The Ravel Laboratory for Microbiol Genomics
The Ravel Laboratory for Microbiol Genomics
Welcome to the Ravel Laboratory for Microbial Genomics and Post-Genomics at the Institute for Genome Sciences, University of Maryland School of Medicine
Our group studies genome evolution and pathogenicity of infectious diseases using genomics and post-genomics tools.

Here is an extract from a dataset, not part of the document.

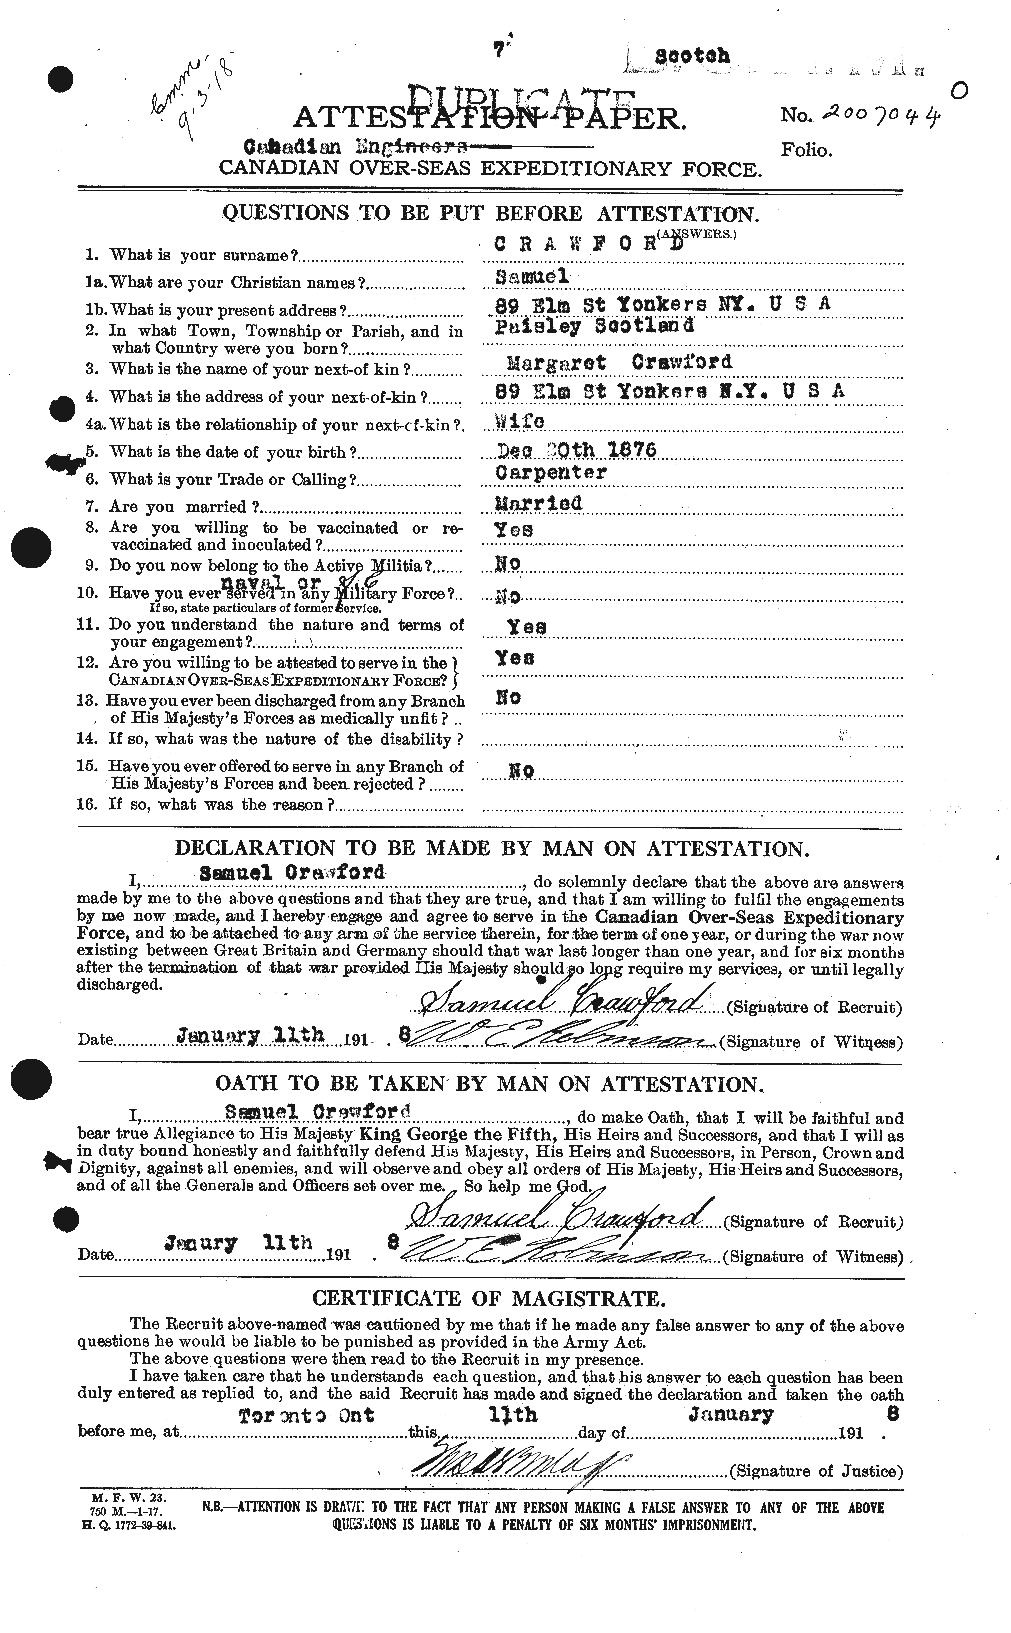 Dossiers du Personnel de la Première Guerre mondiale - CEC 061377a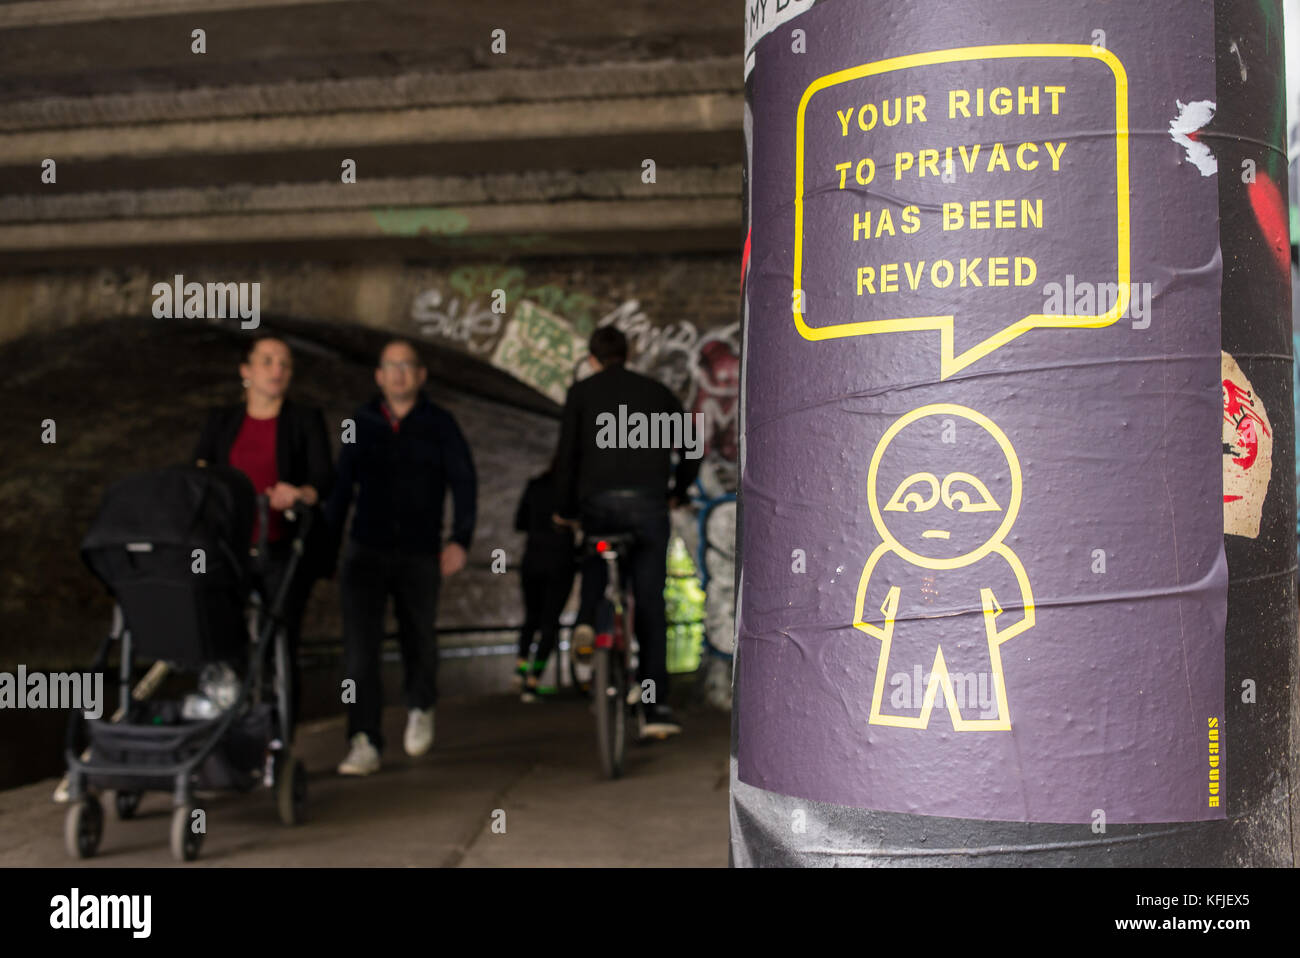 Street art poster accroché sur un tunnel près de la colonne de l'artiste subdude avec homme stylisé et cartoon avec slogan "Votre droit à la vie privée a été révoquée". Banque D'Images

Microbial Genome News, a blog on genome sequence, metagenomics, functional genomics, microarrays and bioinformatics,
New Publication:
Metagenomics: Read length matters
K. Eric Wommack, Jaysheel Bhavsar, and Jacques Ravel. Applied and Environmental Microbiology
January 11, 2008 - Obtaining an unbiased view of the phylogenetic composition and functional diversity within a microbial community is one central objective of metagenomic analysis. New technologies, such as 454 pyrosequencing, have dramatically reduced sequencing costs to a level where metagenomic analysis may become a viable alternative to more focused assessments of the phylogenetic (eg. 16S rDNA) and functional diversity of microbial communities. To determine whether the short (100-200 bp) sequence reads obtained from pyrosequencing are appropriate for phylogenetic and functional characterization of microbial communities the results of BLAST and COG analyses were compared for long (750 bp) and randomly derived short reads from each of two microbial and one virioplankton metagenome libraries. Overall, BLASTX searches against GenBank nr found far fewer homologs within the short sequence library. This was especially pronounced for a Chesapeake Bay virioplankton metagenome library. Increasing the short read sampling depth or the length of derived short reads (up to 400 bp) did not completely resolve the discrepancy in BLASTX homolog detection. Only in cases where the long read sequence had a close homolog (low BLAST E-score) did the derived short read sequence also find a significant homolog. Thus, more distant homologs of microbial and viral genes are not detected by short read sequences. Among COG hits, derived short reads sampled at a depth of two short reads per long read missed up to 72% of the COGs found using long reads. Noting the current limitation in computational approaches for analysis of short sequences, use of short read length libraries does not appear to be an appropriate tool for metagenomic characterization of microbial communities.